How women photographers see themselves -- and each other

Since its inception, women have been at the forefront of experimentation with photography, offering visionary images of themselves and their peers. And from beginning, they've depicted the female form as a contested terrain, the subject and object of art,

In the 1800s, Julia Margaret Cameron transformed the female figure from muse to active agent within the image. Whilst her photographic career was short lived, she experimented with its potential as a new science to offer faithful records and accurate portraits, but also experimented with photography's narrative possibilities, creating soft focused allegorical images drawn from myths and stories.

Jump cut to a century later, when a new wave of feminism demanded even representation of women in social life and the arts. Women began to reclaim the representation of women -- including their own bodies -- through performance, film and photography, as these new media were not yet dominated by men.

Pioneering figures include Marina Abramovic, whose seminal early performances include "Art Must Be Beautiful, Artist Must Be Beautiful" (1975), which records her repeating this refrain whilst combing her hair vigorously and continuously for nearly an hour, directly confronting the viewer and their preconceptions about the role of art and the representation of women within it.

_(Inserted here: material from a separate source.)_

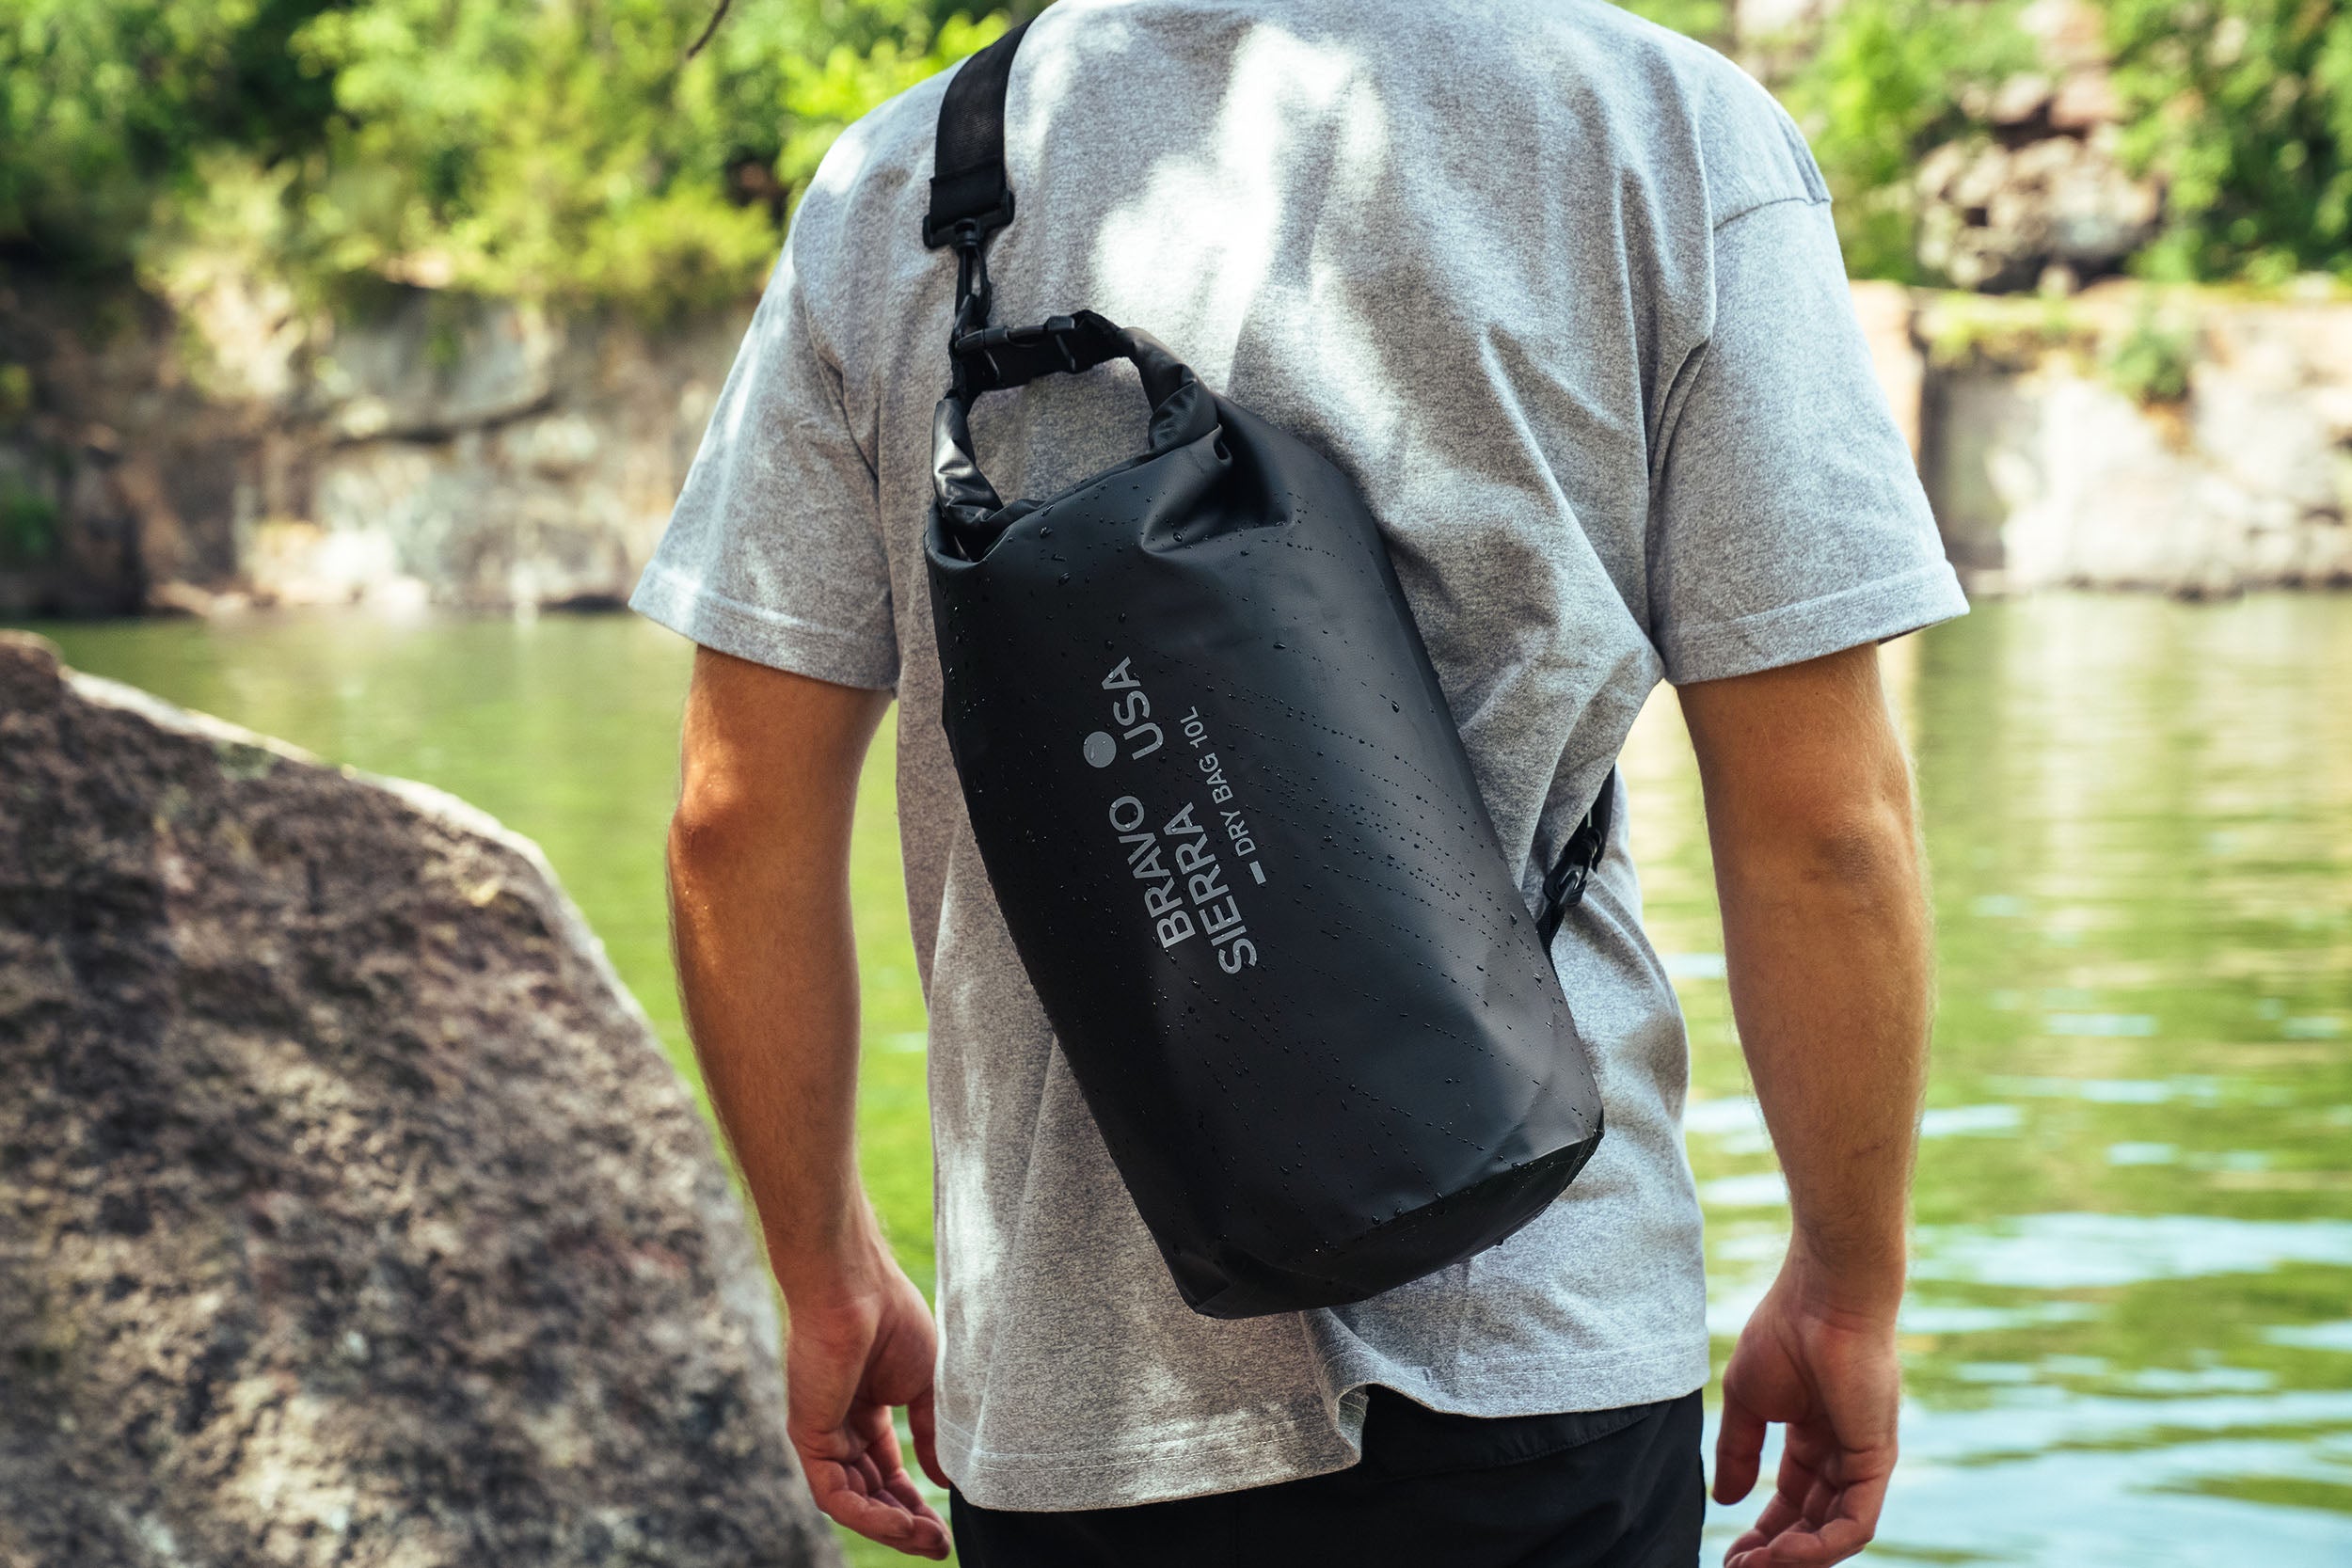 Elite Tactical Dry Bag by BRAVO SIERRA - Waterproof, 10L Capacity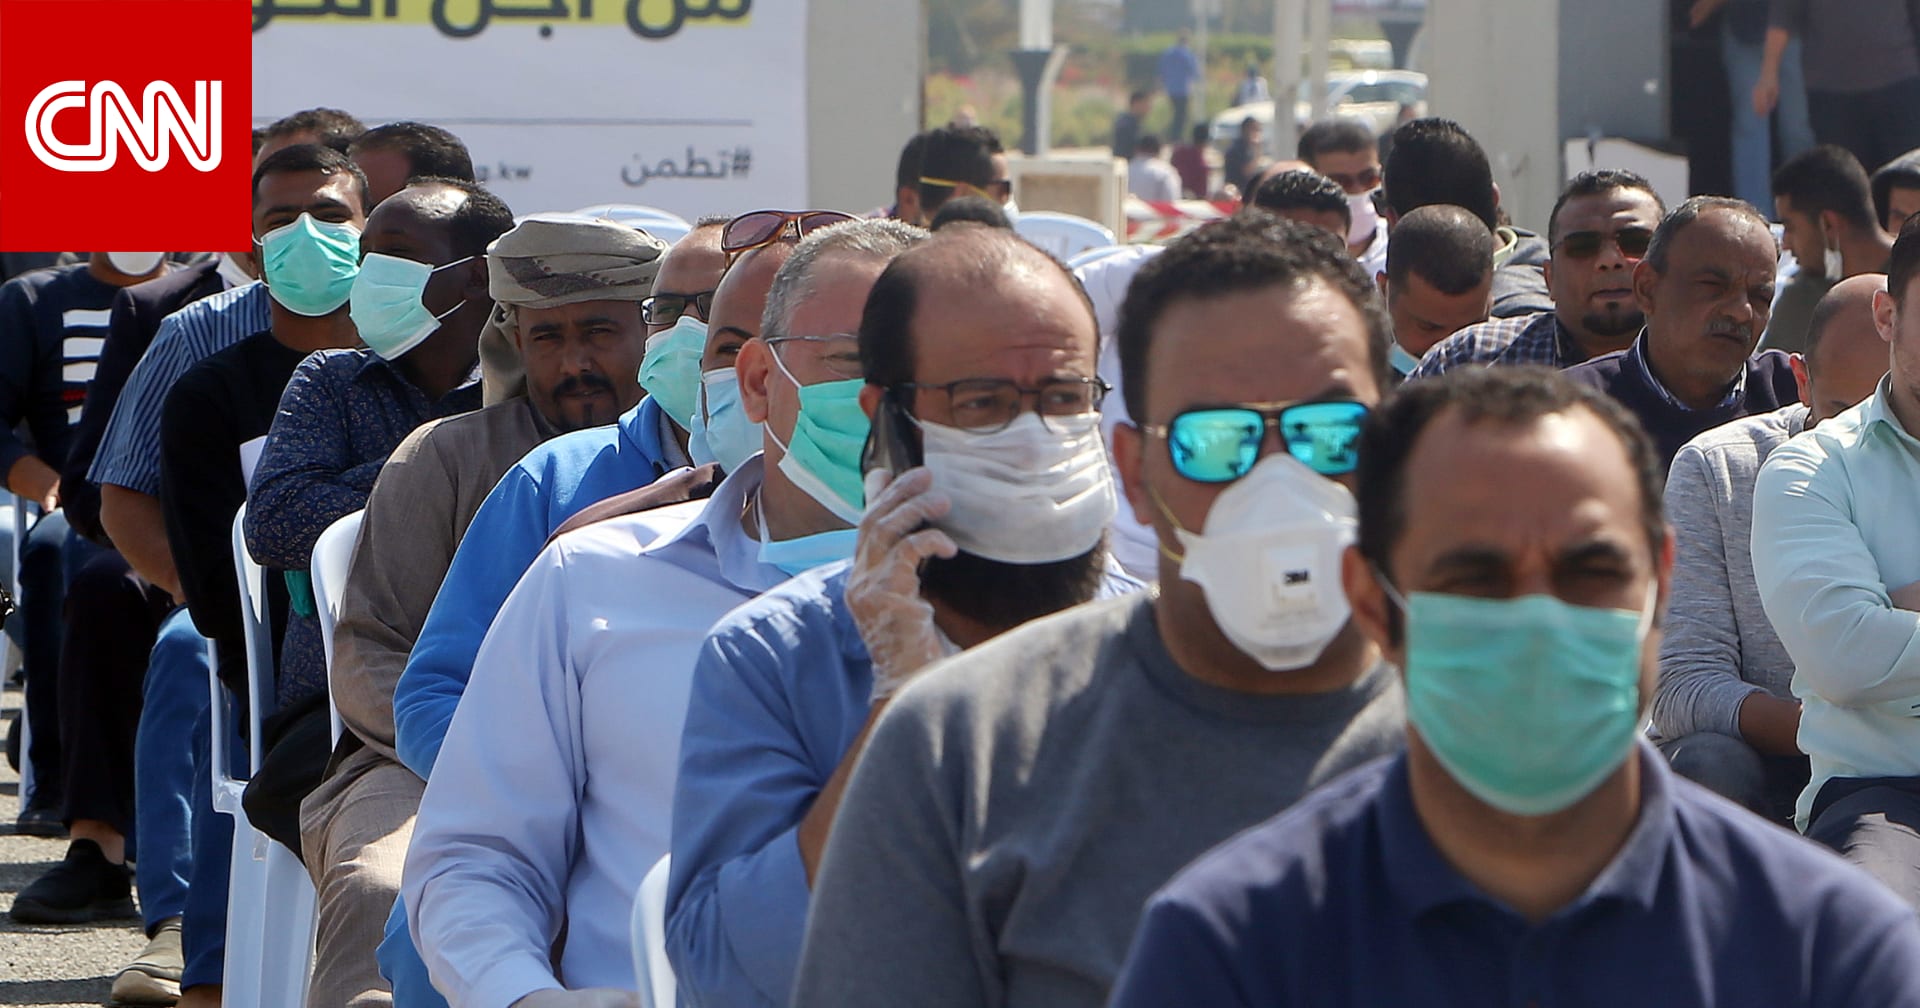 7 إصابات جديدة بفيروس كورونا في الكويت.. والأردن يسجل 33 حالة - CNN Arabic

Her work "The Hero" (2001) shows the artist astride a white horse, holding a white flag, a symbol of peace or anti-nationalism, offering alternative readings of national history and reclaiming a space in heroic imagery for both women and peace.

 

Close up and personal

Another key figure in the display is Nan Goldin, whose candid documentation of her friends in downtown New York in "The Ballad of Sexual Dependency" the 1970s and 80s brought together social and personal narratives.

Rineke Dijkstra is another artist who collaborates closely with the subjects of her images. Her depiction of teenagers in spaces of leisure -- in a park or on a beach -- captures the moment when they lose their inhibition in front of the camera, as well as that delicate moment in their lives, poised between childhood and adulthood.

The pensive moods of adolescence have inspired Hellen van Meene, too. With their warm light and clear almost fleeting compositions, her enigmatic portraits of young women, which appear casual, gradually reveal themselves as carefully planned.

While many women photographers have used different approaches, the female body has played an important role in the making and conceptualizing of the image, to overcome preconceptions of gender, race and nationality, to express identity, experience and give life to the imagination.

"Terrains of the Body: Photography from the National Museum of Women in the Arts" is on view at Whitechapel Gallery in London until April 16, 2017.